By Published On: January 23, 20262.2 min read

Concerns over US fiscal sustainability are gaining renewed attention in global markets, with a growing focus on funding dynamics rather than outright selling of US assets. A recent warning from a senior adviser connected to the People’s Bank of China highlighted the risks posed by rising US deficits and increased debt issuance. The adviser cautioned that these factors could undermine confidence among global investors, especially amid heightened geopolitical tensions and trade frictions that are reshaping capital flows. The core message was that the US’s ongoing dependence on external funding makes it vulnerable to shifts in global demand for dollar-denominated assets.

Supporting this perspective, new analysis from UBS challenges the common narrative of “sell US” trades as the main threat. UBS emphasises that fiscal crises rarely result from mass selling of government debt. Instead, the real danger lies in the reduction or sudden withdrawal of marginal buyers who fund ongoing deficits. In other words, the problem is not bond sell-offs themselves but a drying up of funding inflows, which leads to higher borrowing costs and a loss of confidence.

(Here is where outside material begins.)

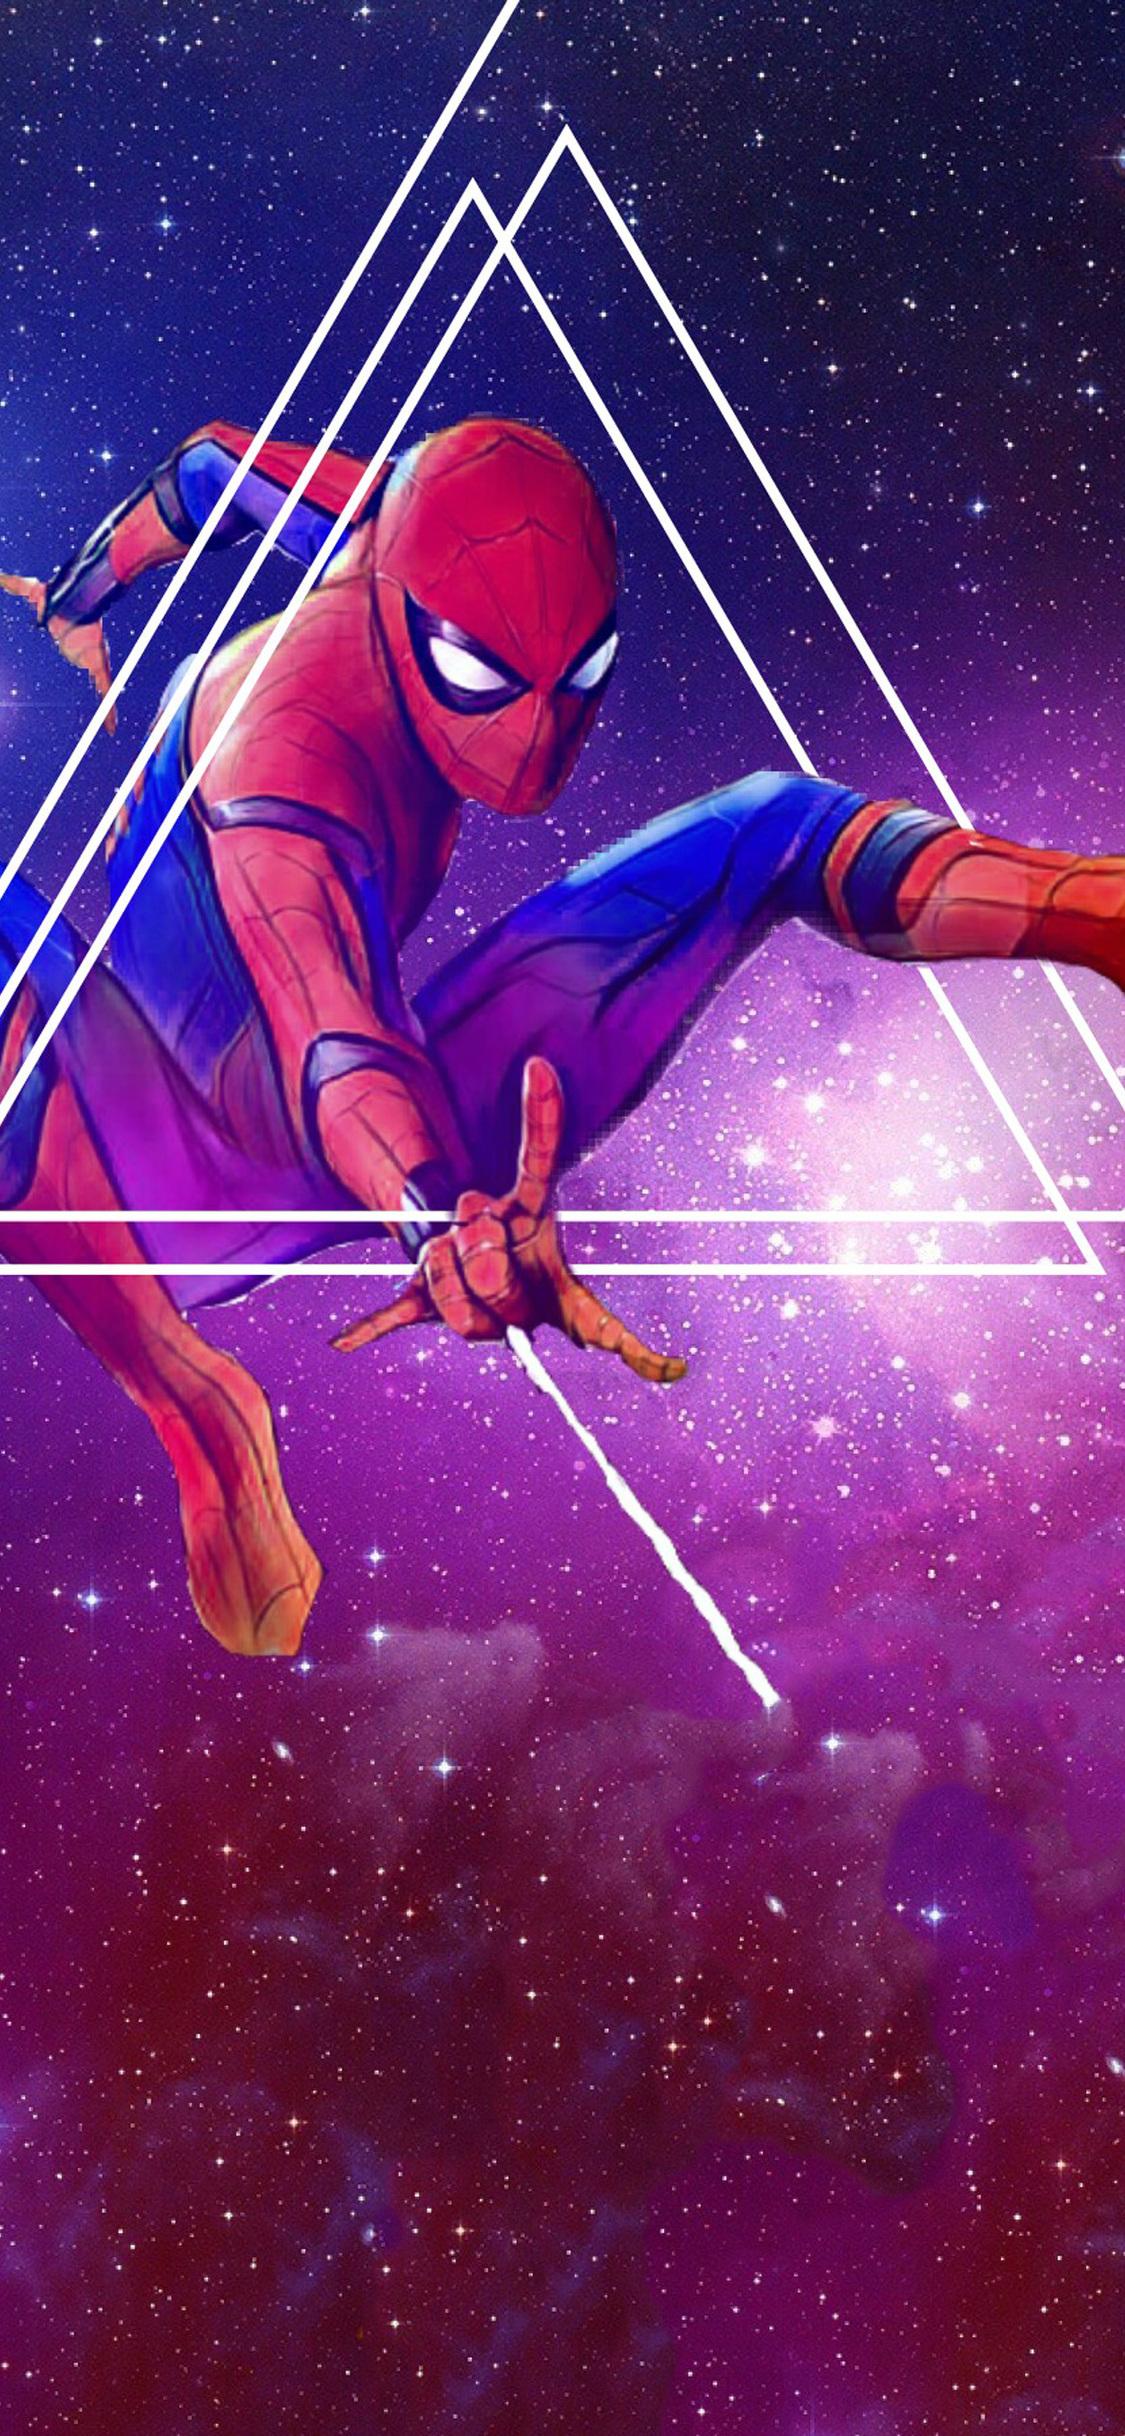 1125x2436 spiderman avengers infinity war artwork iphone - Avengers infinity war wallpaper iphone ...

Historical examples reinforce this distinction. The UK gilt crisis in 2022 and Greece’s sovereign debt crisis a decade earlier were not caused by large-scale liquidation of bonds. Rather, these crises emerged when investors stopped rolling over debt or purchasing new issuances at prevailing yields, causing sharp increases in borrowing costs and triggering policy upheavals.

This funding vulnerability is particularly relevant for the United States. Unlike Japan—which finances much of its government debt through domestic savings—US fiscal deficits depend heavily on foreign capital inflows. A sustained decline in overseas demand, whether due to political risks, concerns over long-term debt trajectories, or portfolio shifts, could push US yields higher even if current holders of US debt do not actively sell.

In contrast, Japan’s debt is largely financed domestically, providing it with greater protection against sudden changes in global funding sentiment despite having a high debt-to-GDP ratio. This difference explains why economies relying on external financing may experience sharper market stress when funding conditions deteriorate.

Taken together, the warnings from the PBOC adviser and UBS analysis underscore a key truth: risks to fiscal sustainability arise when confidence in future funding weakens. For forex traders, the critical issue is not an immediate sell-off in US government bonds but whether global investors will continue to finance growing US deficits at reasonable costs. This question is becoming increasingly important as US debt issuance expands and global financial conditions tighten.

While these risks merit attention, markets remain far from a crisis scenario at present.